This morning we awoke to the sound of rain, the clouds obscuring the light of yesterday’s sunshine.
This shift in the weather is the perfect way to start the day, an invitation, a reminder from nature to experience what is now. Michele McDonald developed RAIN as an acronym for a simple mindfulness practice 20 years ago:
Recognize what is going on;
Allow the experience to be there, just as it is;
Investigate with kindness;
Natural awareness, which comes from not identifying with the experience.
So, what is your experience right now?
Sit comfortably, either cross-legged or kneeling on the floor or a chair with your knees, ankles and hips aligned. Feel your sitting bones (you can manually take the buttock flesh out and back to ground yourself) and notice your spine. Allow your body to feel its way intuitively into sitting a little more symmetrically, more upright, so that the body invites the breath to naturally flow.

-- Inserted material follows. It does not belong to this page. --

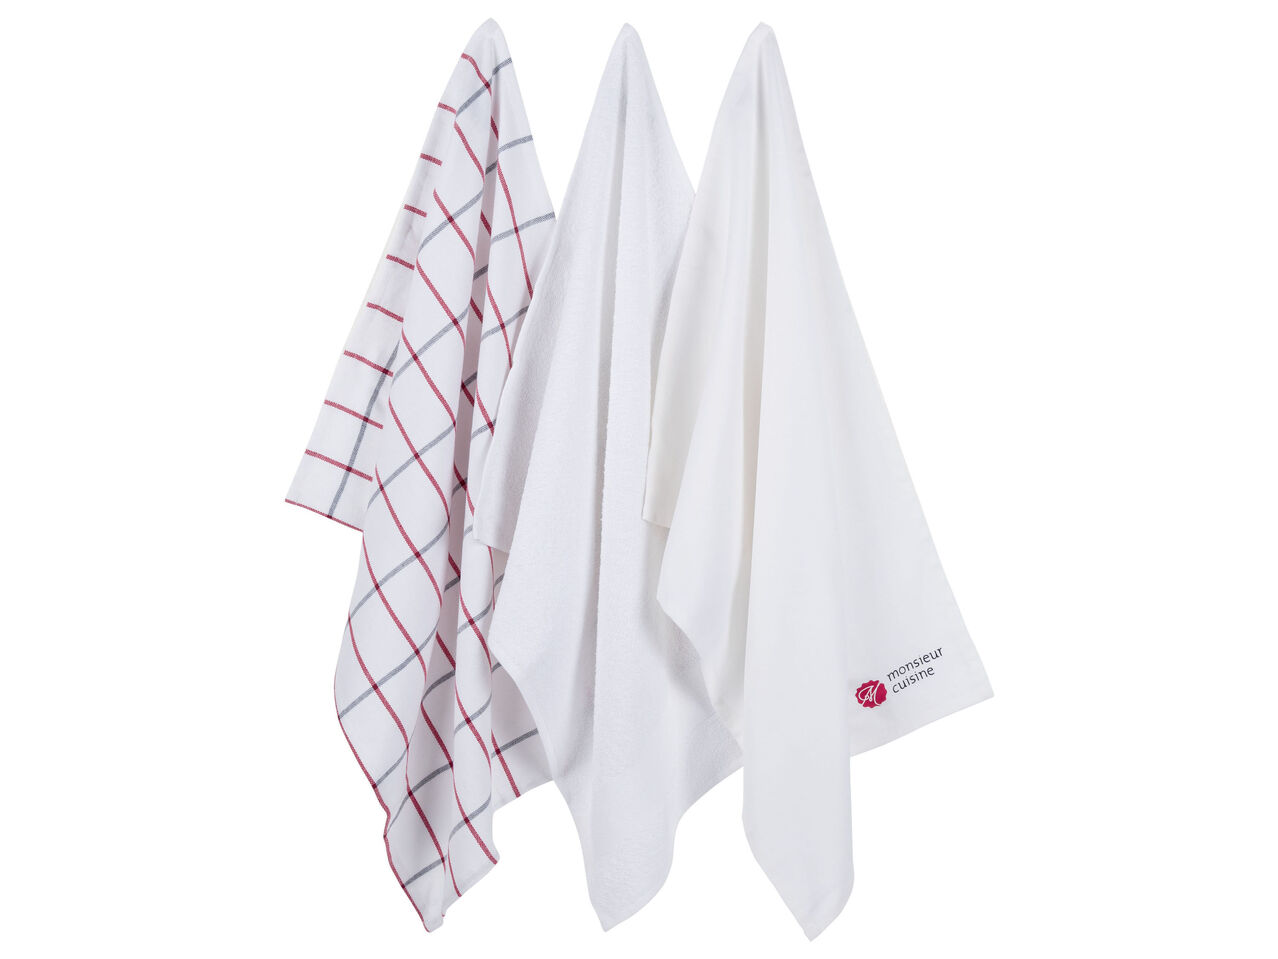 MERADISO® Ręczniki kuchenne 50 x 70 cm, 3 szt.*** , cena 7,99 PLN 
MERADISO® Ręczniki ...

Notice any physical or emotional sensations as they arise and pass through the body mind. You may become distracted by these feelings or thoughts, you may notice internal dialogue. Each time this happens, just notice that and bring your focus back to the breath. The physical sensation or the emotion is not suppressed but you also don’t need to become caught up in it. Just as you watch the rain, you cannot hold on to a particular raindrop, each experience comes and goes.
No single raindrop is the rain.
No single experience, thought, sensation is ‘you’.
You don’t need to label the experience as ‘good’ or ‘bad’, ‘desirable’ or ‘undesirable’. You are not ‘succeeding’ in your practice if you remain focussed or ‘failing’ if you are distracted.
This is the same as if you were practising what you perceive to be a challenging pose in a yoga class. I often come across this, for instance, teaching students inversions. Many people encounter fear, old stories of inadequacy, anxiety about falling, failing… The more they become caught up in ‘thinking’ and either deciding not to try or caught up in the trying itself, the less likely it is they will ever come into the headstand.
In Patanjali’s Yoga Sutras, the aphorism that we often come to is:
“Prayatna shaitilya ananta samapatthibhyam”(II:47)
“Perfection in an asana is achieved when the effort to perform it becomes effortless and the infinite being within is reached.”
B.K.S. Iyengar
When we calm the mind, sensitively, intelligently and spaciously explore a pose, and, most importantly, let go of our expectations to reach a defined point we perceive as a goal, then our bodies are more likely, with time and practise, to open into the physicality of the postures. This attitude is inherently generous and kind, gradually revealing the nuances in the body.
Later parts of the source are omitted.